- _Supplied data_:

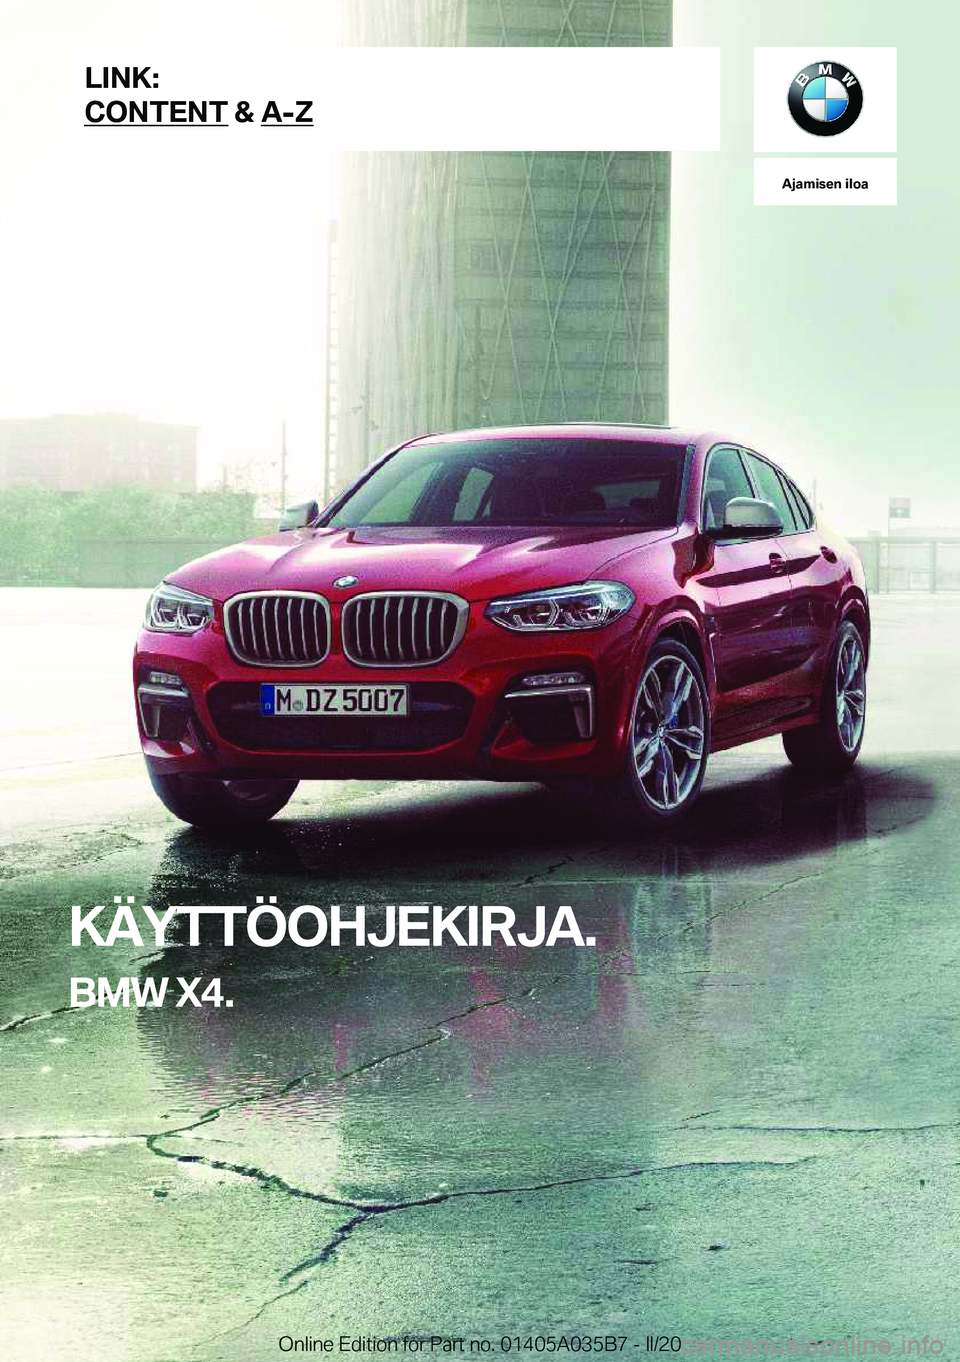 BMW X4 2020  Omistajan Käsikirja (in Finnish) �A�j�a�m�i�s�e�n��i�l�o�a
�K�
---
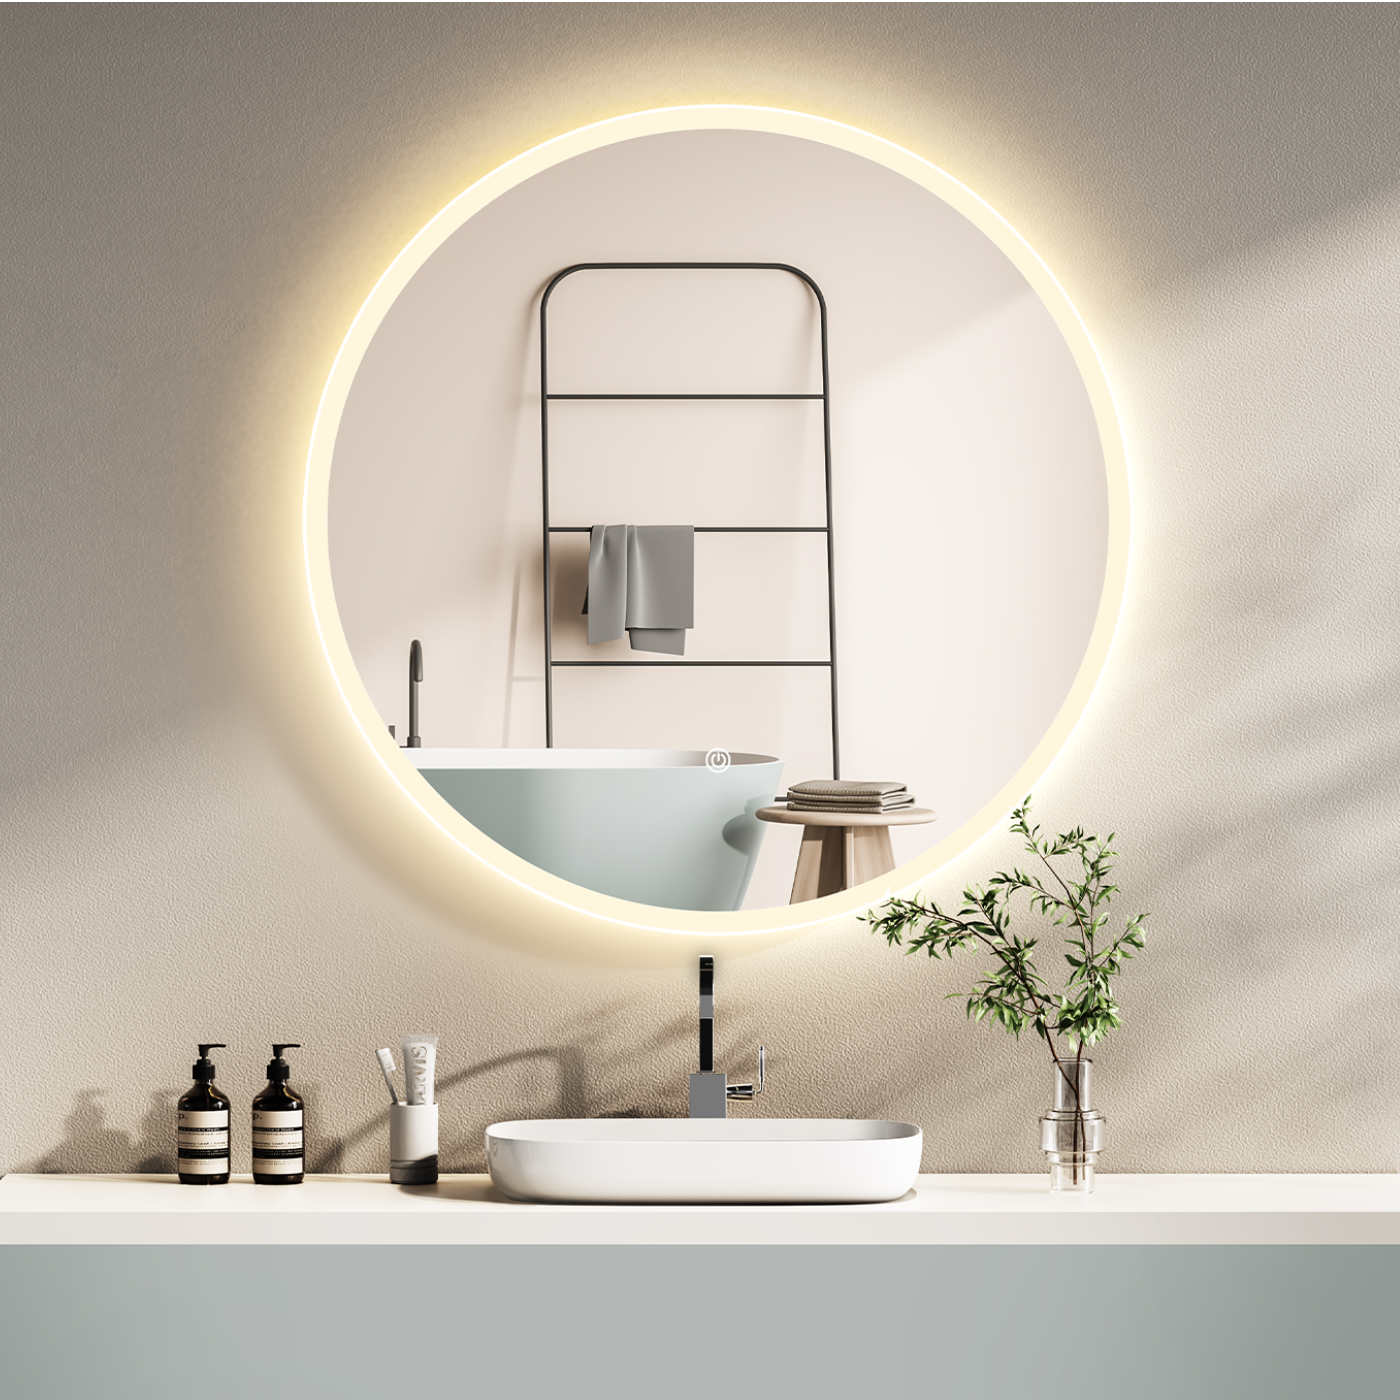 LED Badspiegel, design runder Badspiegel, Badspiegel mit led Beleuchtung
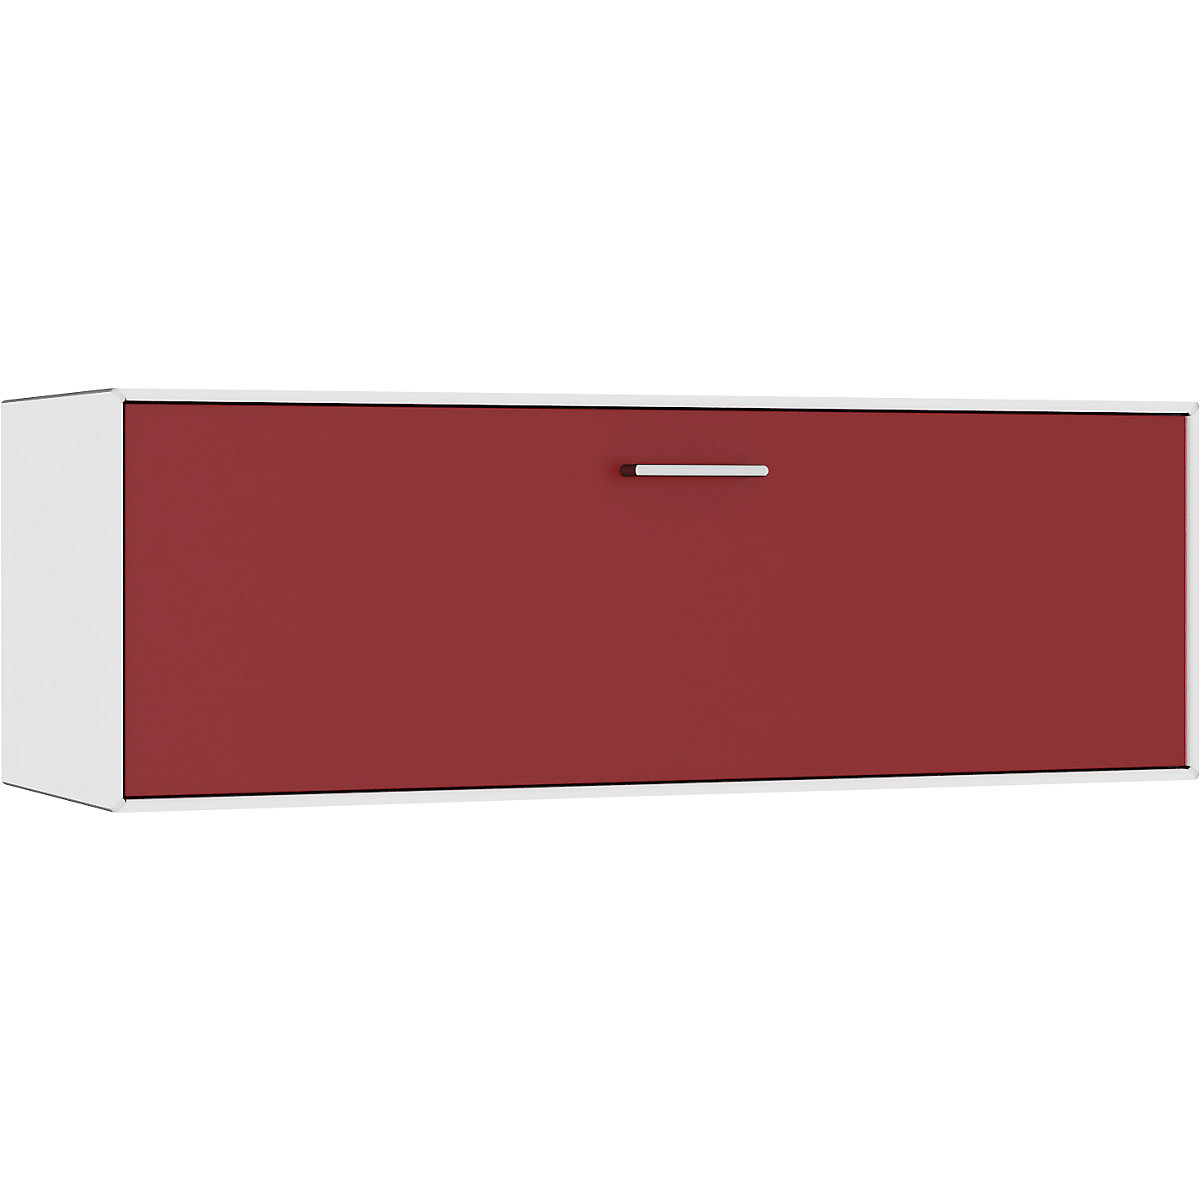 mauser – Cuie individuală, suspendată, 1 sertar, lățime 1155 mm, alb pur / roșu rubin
* * *
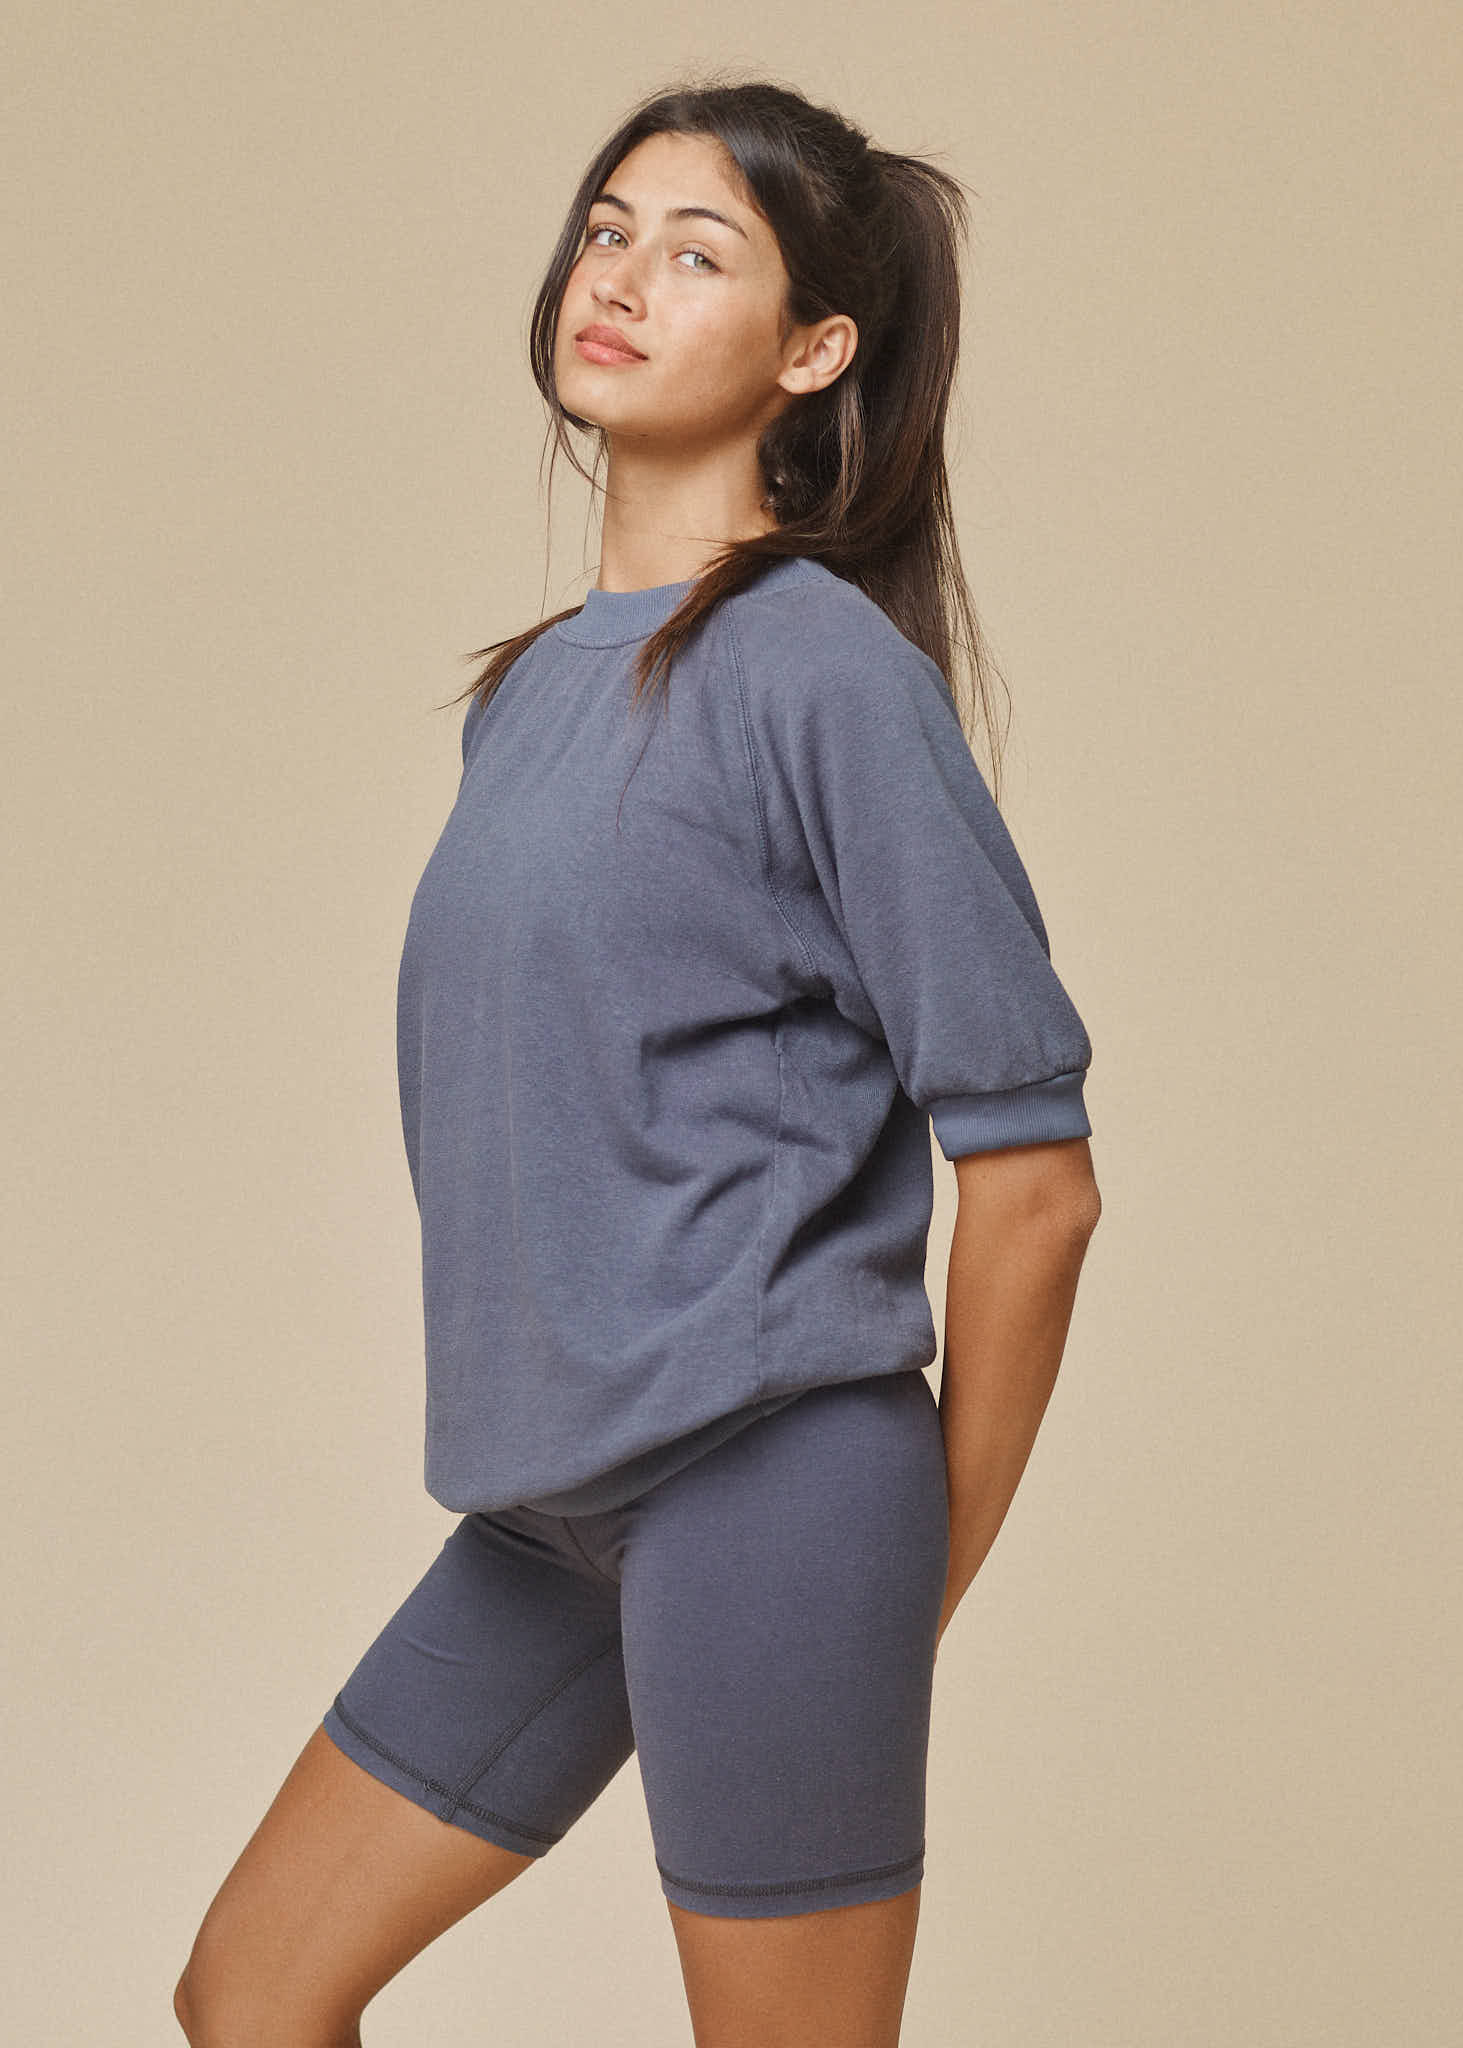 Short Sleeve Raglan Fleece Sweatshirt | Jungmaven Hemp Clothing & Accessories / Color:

- _Exercise description_:
Going by the data above, the answer is exactly the lines from the one holding "LED Badspiegel, design" to the one holding "mauser – Cuie", both kept, with the pictures left out.

- _Output below_:
 LED Badspiegel, design runder Badspiegel, Badspiegel mit led Beleuchtung
 mauser – Cuie individuală, suspendată, 1 sertar, lățime 1155 mm, alb pur / roșu rubin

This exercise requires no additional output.